Our first layer is the embedding layer that learns to convert the numbered words in the vocabulary to the embedding. Then we have two LSTM layers and a dense layer with a ReLU activation and a final layer with one neuron per word in the vocabulary and a softmax to make the output the probability of each word being the output from the model.

In [None]:
# Build and train model.
training_model = Sequential()
training_model.add(Embedding(
    output_dim=EMBEDDING_WIDTH, input_dim=MAX_WORDS,
    mask_zero=True, input_length=None))
training_model.add(LSTM(128, return_sequences=True,
                        dropout=0.2, recurrent_dropout=0.2))
training_model.add(LSTM(128, dropout=0.2,
                        recurrent_dropout=0.2))
training_model.add(Dense(128, activation='relu'))
training_model.add(Dense(MAX_WORDS, activation='softmax'))
training_model.compile(loss='categorical_crossentropy',
                       optimizer='adam')
training_model.summary()
history = training_model.fit(X, y, validation_split=0.05,
                             batch_size=BATCH_SIZE, 
                             epochs=EPOCHS, verbose=2, 
                             shuffle=True)

In [None]:
# Build stateful model used for prediction.
inference_model = Sequential()
inference_model.add(Embedding(
    output_dim=EMBEDDING_WIDTH, input_dim=MAX_WORDS,
    mask_zero=True, batch_input_shape=(1, 1)))
inference_model.add(LSTM(128, return_sequences=True,
                         dropout=0.2, recurrent_dropout=0.2,
                         stateful=True))
inference_model.add(LSTM(128, dropout=0.2,
                         recurrent_dropout=0.2, stateful=True))
inference_model.add(Dense(128, activation='relu'))
inference_model.add(Dense(MAX_WORDS, activation='softmax'))
weights = training_model.get_weights()
inference_model.set_weights(weights)

In [None]:
# Provide beginning of sentence and
# predict next words in a greedy manner
first_words = ['i', 'saw']
first_words_indexed = tokenizer.texts_to_sequences(
    first_words)
inference_model.reset_states()
predicted_string = ''

# Feed initial words to the model.
for i, word_index in enumerate(first_words_indexed):
    x = np.zeros((1, 1), dtype=np.int64)
    x[0][0] = word_index[0]
    predicted_string += first_words[i]
    predicted_string += ' '
    y_predict = inference_model.predict(x, verbose=0)[0]

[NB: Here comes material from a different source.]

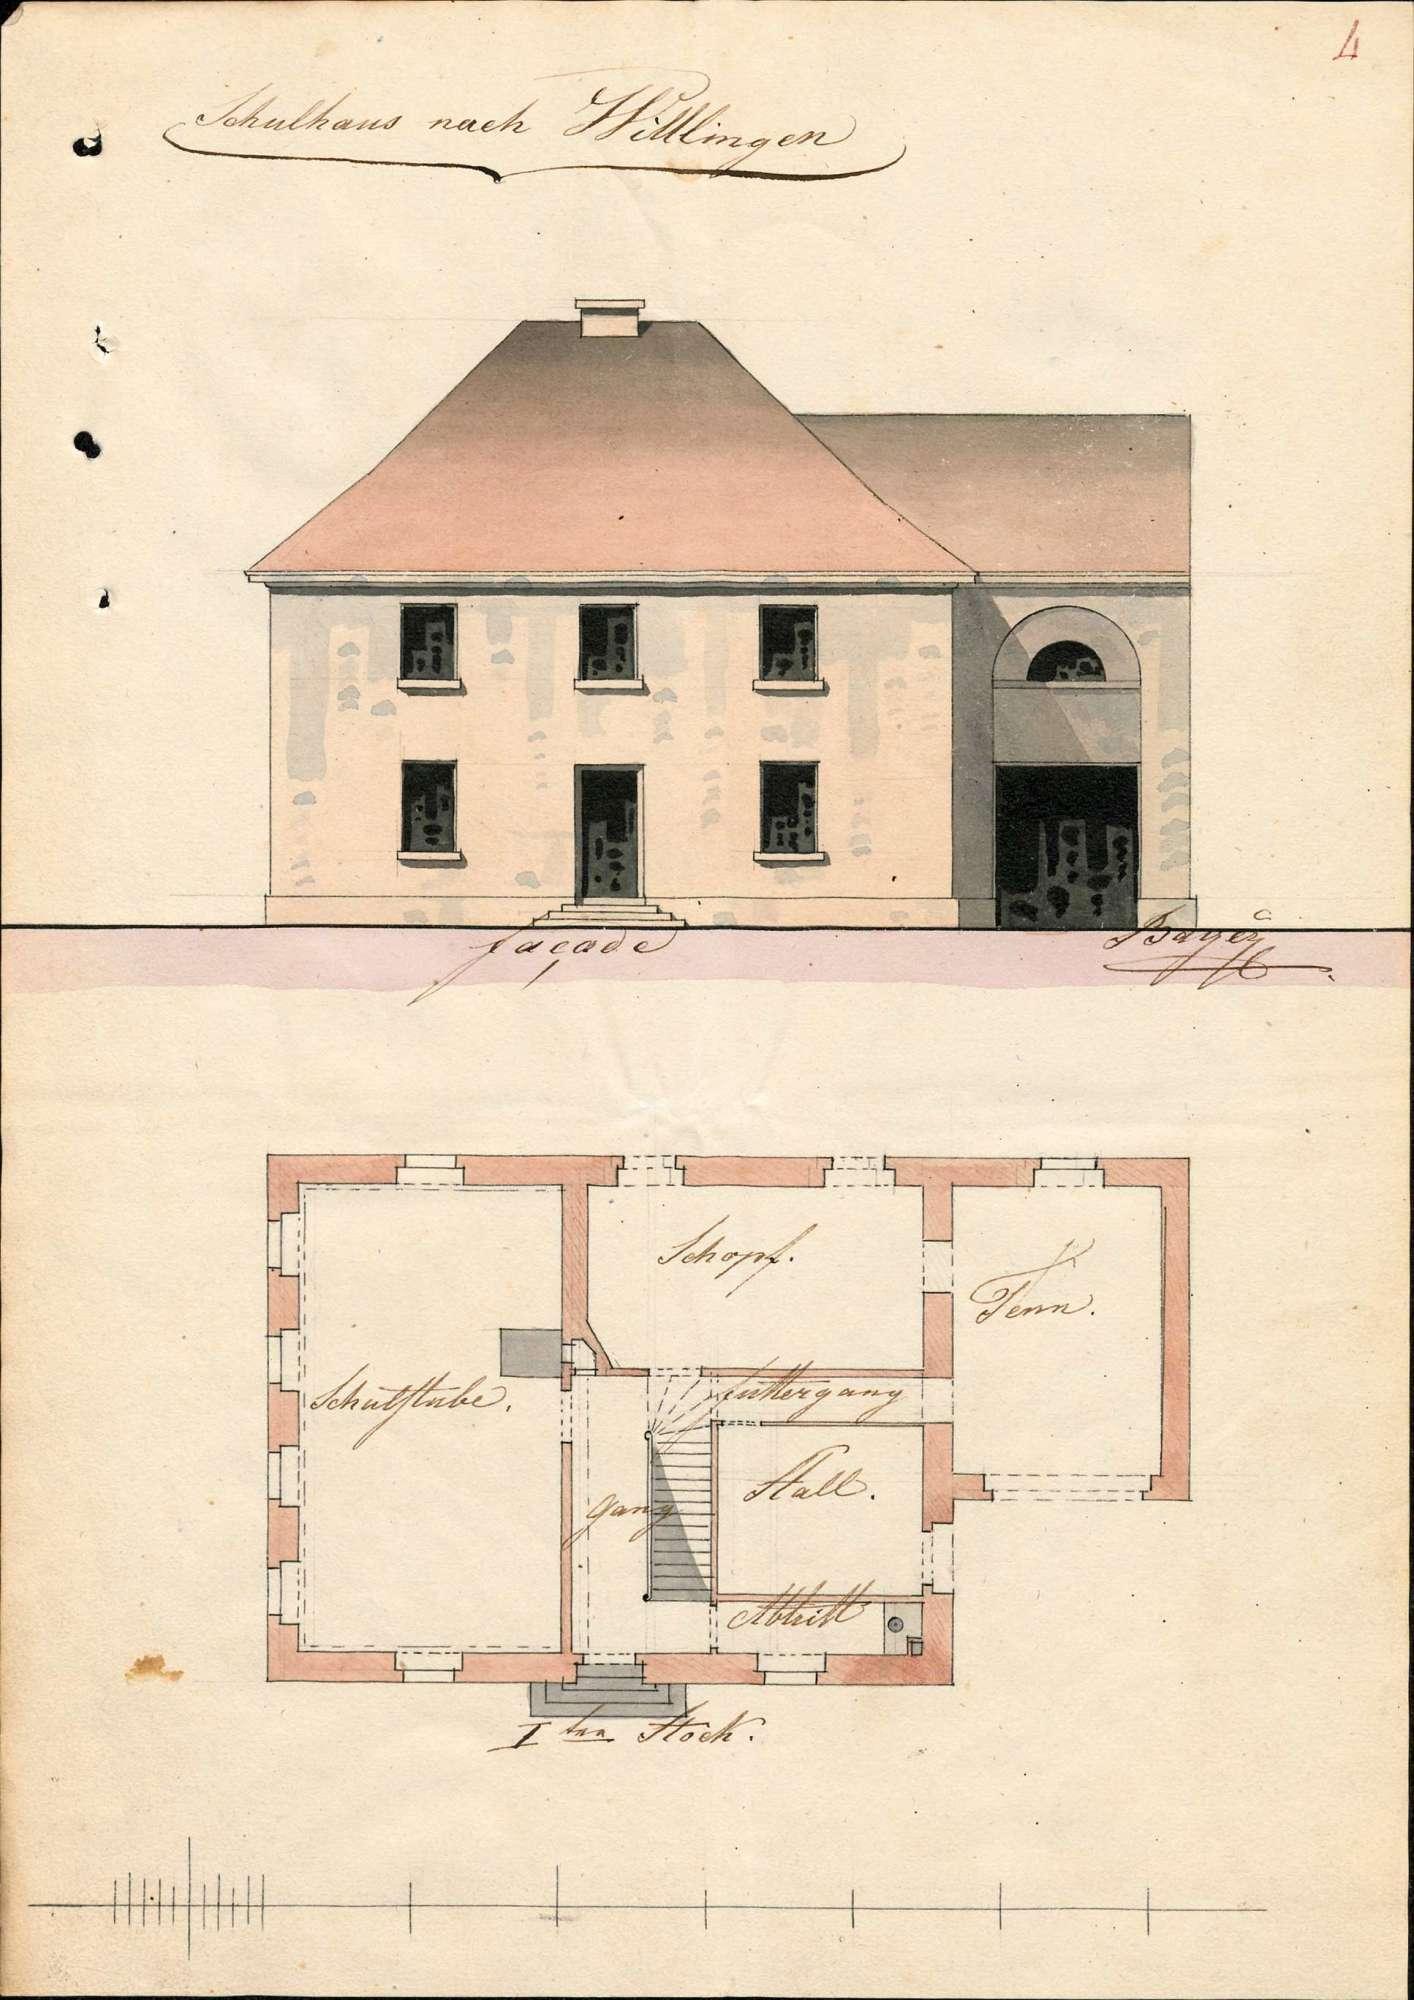 Erbauung eines neuen Schulhauses in Wittlingen und dessen Unterhaltung, Bild 1

# Predict PREDICT_LENGTH words.
for i in range(PREDICT_LENGTH):
    new_word_index = np.argmax(y_predict)
    word = tokenizer.sequences_to_texts(
        [[new_word_index]])
    x[0][0] = new_word_index
    predicted_string += word[0]
    predicted_string += ' '
    y_predict = inference_model.predict(x, verbose=0)[0]
print(predicted_string)

In [None]:
# Let's predict more by changing predict length to 10

PREDICT_LENGTH = 10

# Predict PREDICT_LENGTH words.
for i in range(PREDICT_LENGTH):
    new_word_index = np.argmax(y_predict)
    word = tokenizer.sequences_to_texts(
        [[new_word_index]])
    x[0][0] = new_word_index
    predicted_string += word[0]
    predicted_string += ' '
    y_predict = inference_model.predict(x, verbose=0)[0]
print(predicted_string)

In [None]:
# Explore embedding similarities.
embeddings = training_model.layers[0].get_weights()[0]
lookup_words = ['the', 'saw', 'see', 'of', 'and',
                'monster', 'frankenstein', 'read', 'eat']
for lookup_word in lookup_words:
    lookup_word_indexed = tokenizer.texts_to_sequences(
        [lookup_word])
    print('words close to:', lookup_word)
    lookup_embedding = embeddings[lookup_word_indexed[0]]
    word_indices = {}
    # Calculate distances.
    for i, embedding in enumerate(embeddings):
        distance = np.linalg.norm(
            embedding - lookup_embedding)
        word_indices[distance] = i
    # Print sorted by distance.
    for distance in sorted(word_indices.keys())[:5]:
        word_index = word_indices[distance]
        word = tokenizer.sequences_to_texts([[word_index]])[0]
        print(word + ': ', distance)
    print('')